The first five questions and the observers' initial answers were as follows:

Q#1. Each time you move your eyes, do you see any dots or flashes? Results: 74/75 (99%) initially responded "yes."

Q#2. Each time you move your eyes do you see only one dot or more than one dot? Results: 73/75 (97%) initially responded "more than one."

Q#3. Do all the dots appear at one point in space or do they appear to be spread out? Results: 72/74 (97%) initially responded "spread out."

Q#4. Is the spatial arrangement of the dots that you see random or regular; that is, do you see a shapeless cluster of dots, or a regular pattern such as a dotted line? Results: 72/74 (97%) initially responded "a dotted line."

Q#5. Is the dotted line vertical as in up and down or horizontal as in side to side? Results: 72/74 (97%) initially responded "horizontal."

One observer never reported being able to see more that one dot during any given eye movement (i.e., twice he answered Q#2 in a noncongruent manner).
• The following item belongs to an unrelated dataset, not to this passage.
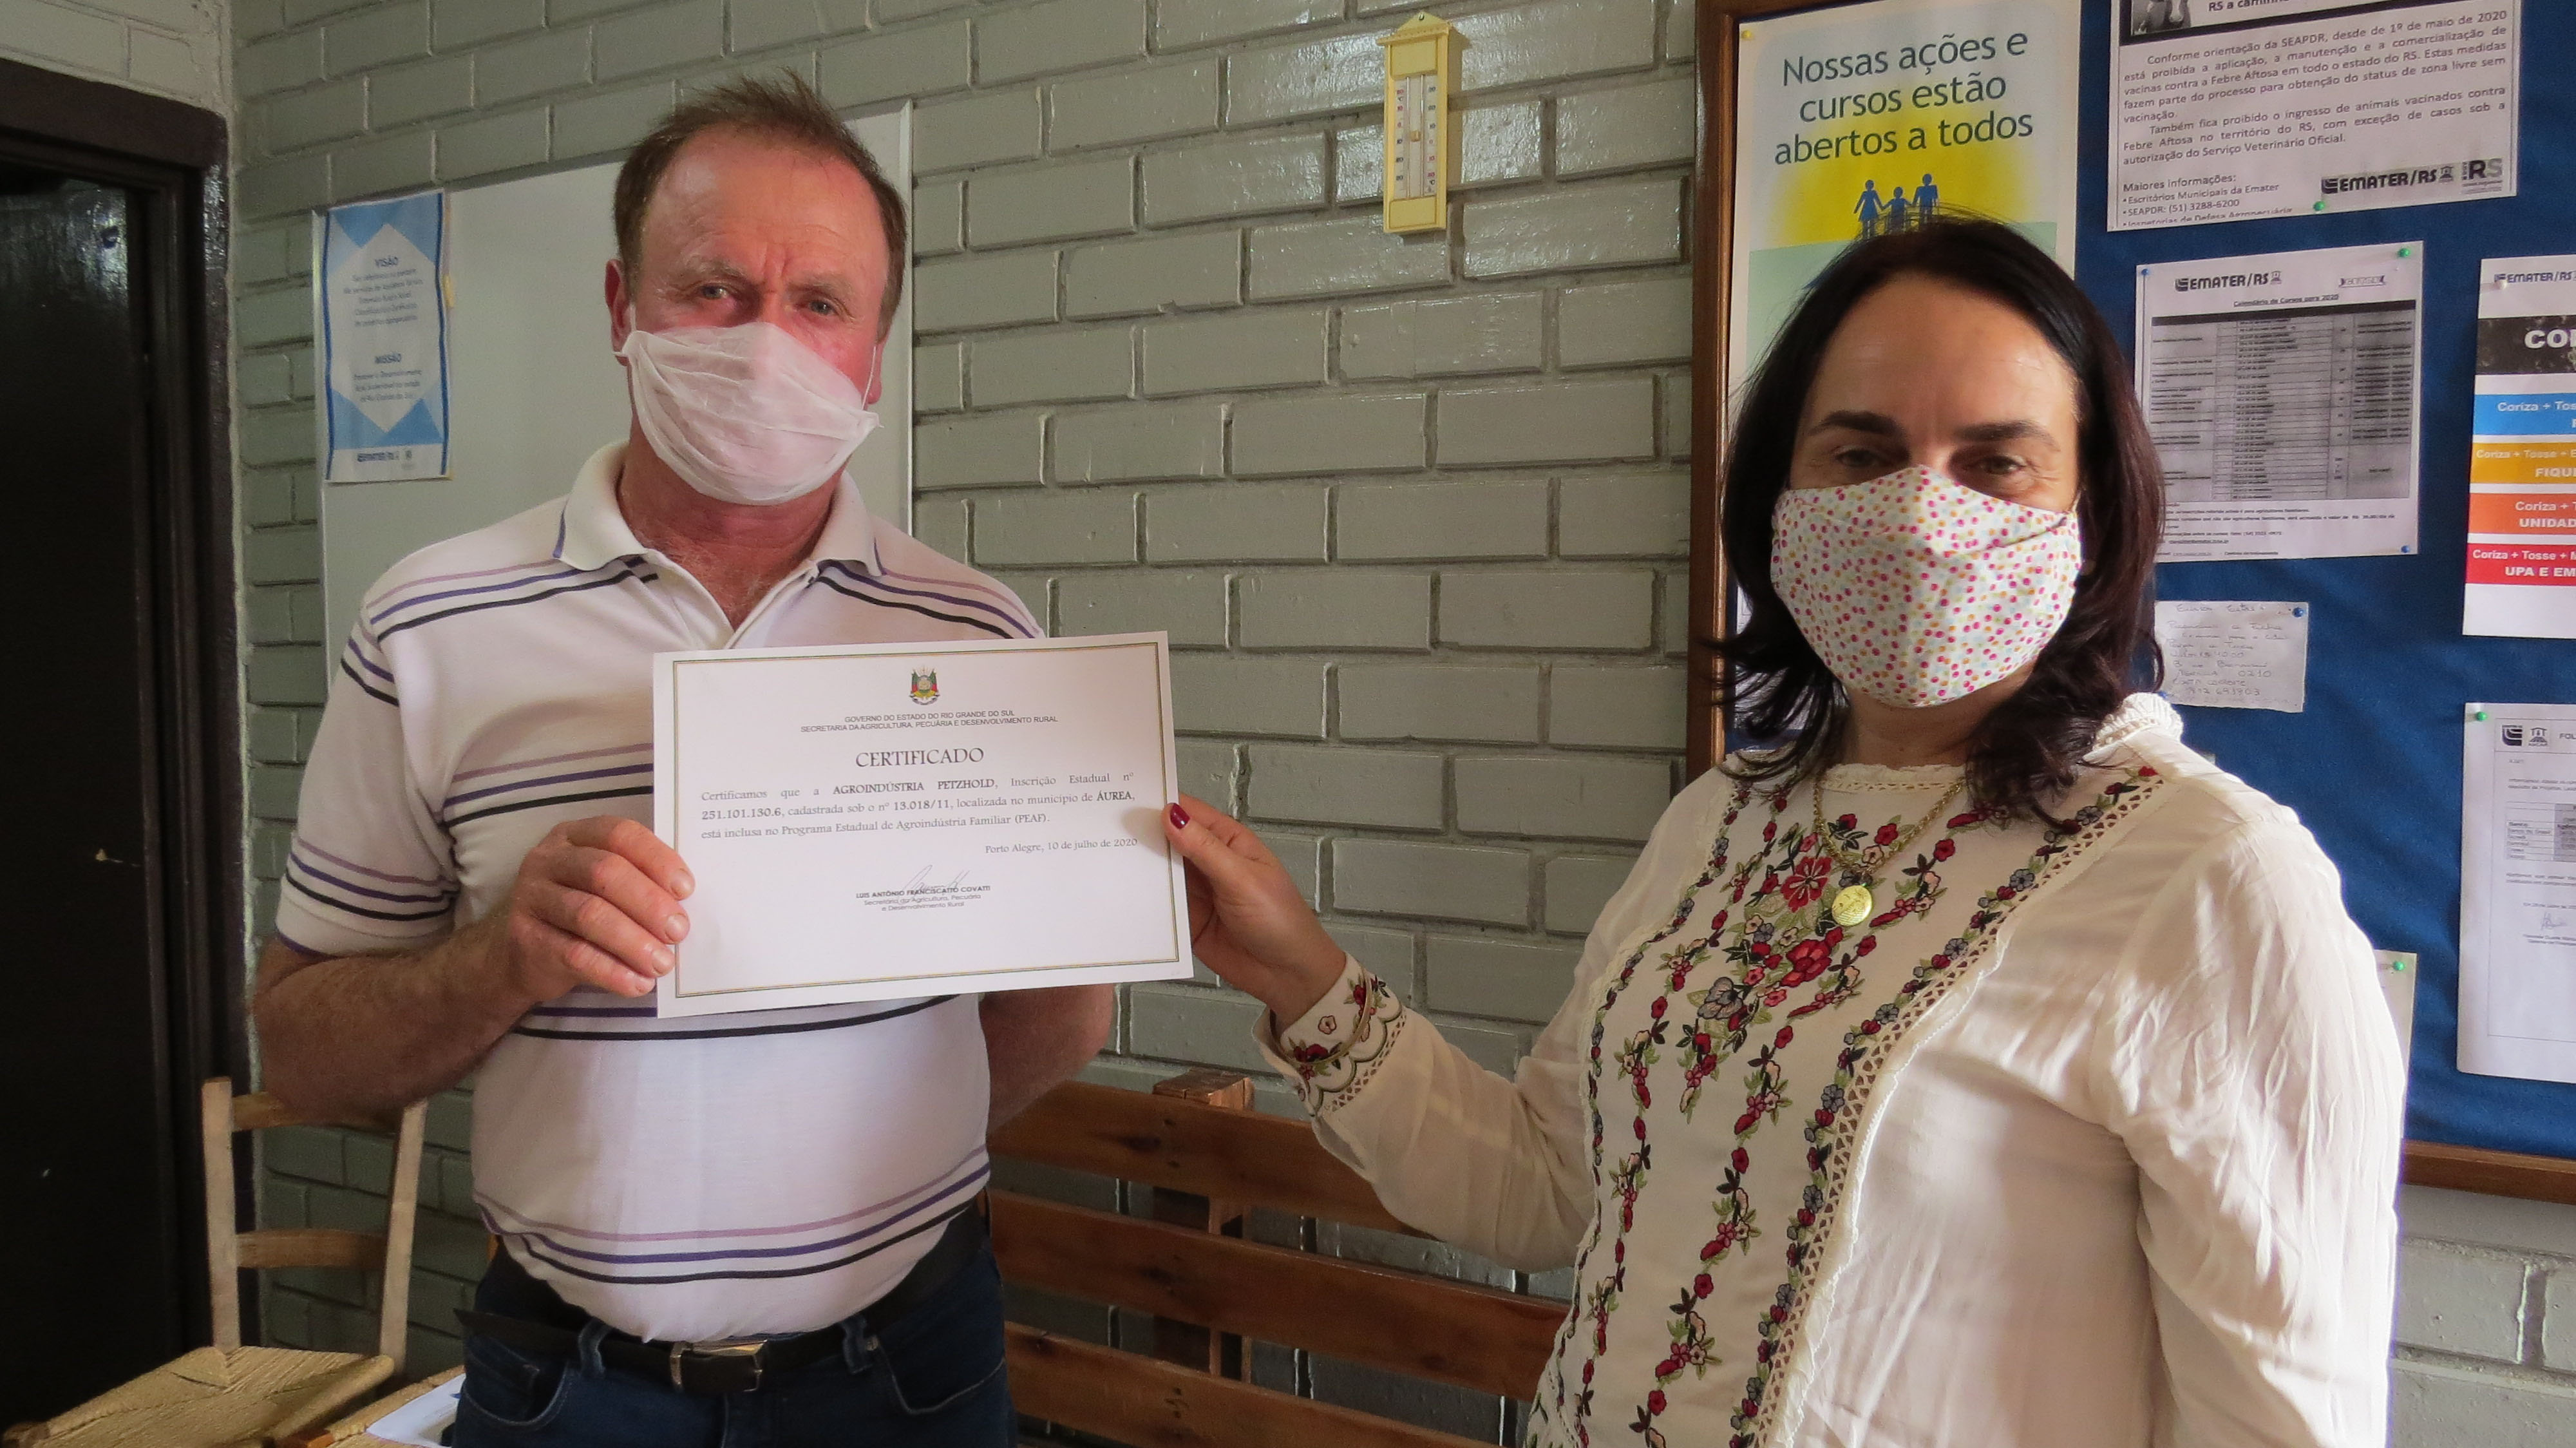 Agroindústria Petzhold recebe o certificado de Magali Salame | Fotos: Terezinha-Vilk/Emater-RS/Ascar

Another observer, who had initially answered each question (Q#1-Q#5) in a manner congruent with seeing a horizontal row of dots, insisted that she was no longer able to see the phenomenon when it came time to answer Q#6. Both of these observers were dismissed. Thus, the number of observers going on to Q#6 was 73.

Do Naive Observers See SEQUENCE?

Once the experimenter was sure that an observer was reliably seeing a horizontal row of dots during every saccade, he then determined whether or not the dots in the row appeared to materialize in a regular sequence opposite the direction of the saccade (SEQUENCE). The experimenter accomplished this by reading Instruction #2 to the observer, followed by three more forced-choice questions, Q#6, Q#7, and Q#8.

Instruction #2: Now I would like for you to look as far to the right as possible then as far to the left as possible while keeping your head still. Continue to do this at a steady pace until you can answer the following question. (Insert the appropriate question here.)

Instruction #2 was designed to accentuate the phenomena being investigated by these three questions. If, for Q#6, Q#7, or Q#8, an observer selected the response that was noncongruent with seeing the horizontal row materialize in a regular sequence opposite the direction of the saccade, the experimenter noted this, skipped the rest of the questions in this section, and proceeded to Q#9-Q#11, which were not dependent on the observer's answers to Q#6 through Q#8. However, after asking those questions (Q#9-Q#11), the experimenter reread Instruction #2, and returned to the particular question to which the observer had initially given a noncongruent answer (Q#6, Q#7, or Q#8) a second time. This circuitous procedure was followed in order to minimize the probability of the observer simply switching his or her response to satisfy the experimenter, as might be expected if a question had been repeated immediately following a noncongruent answer. If after returning to this section the observer still gave the noncongruent response, the experimenter recorded this and marked the remaining questions of this section as not answered (NA). However, if the observer now gave a congruent answer to this question, he or she was asked the remaining questions in the section as well.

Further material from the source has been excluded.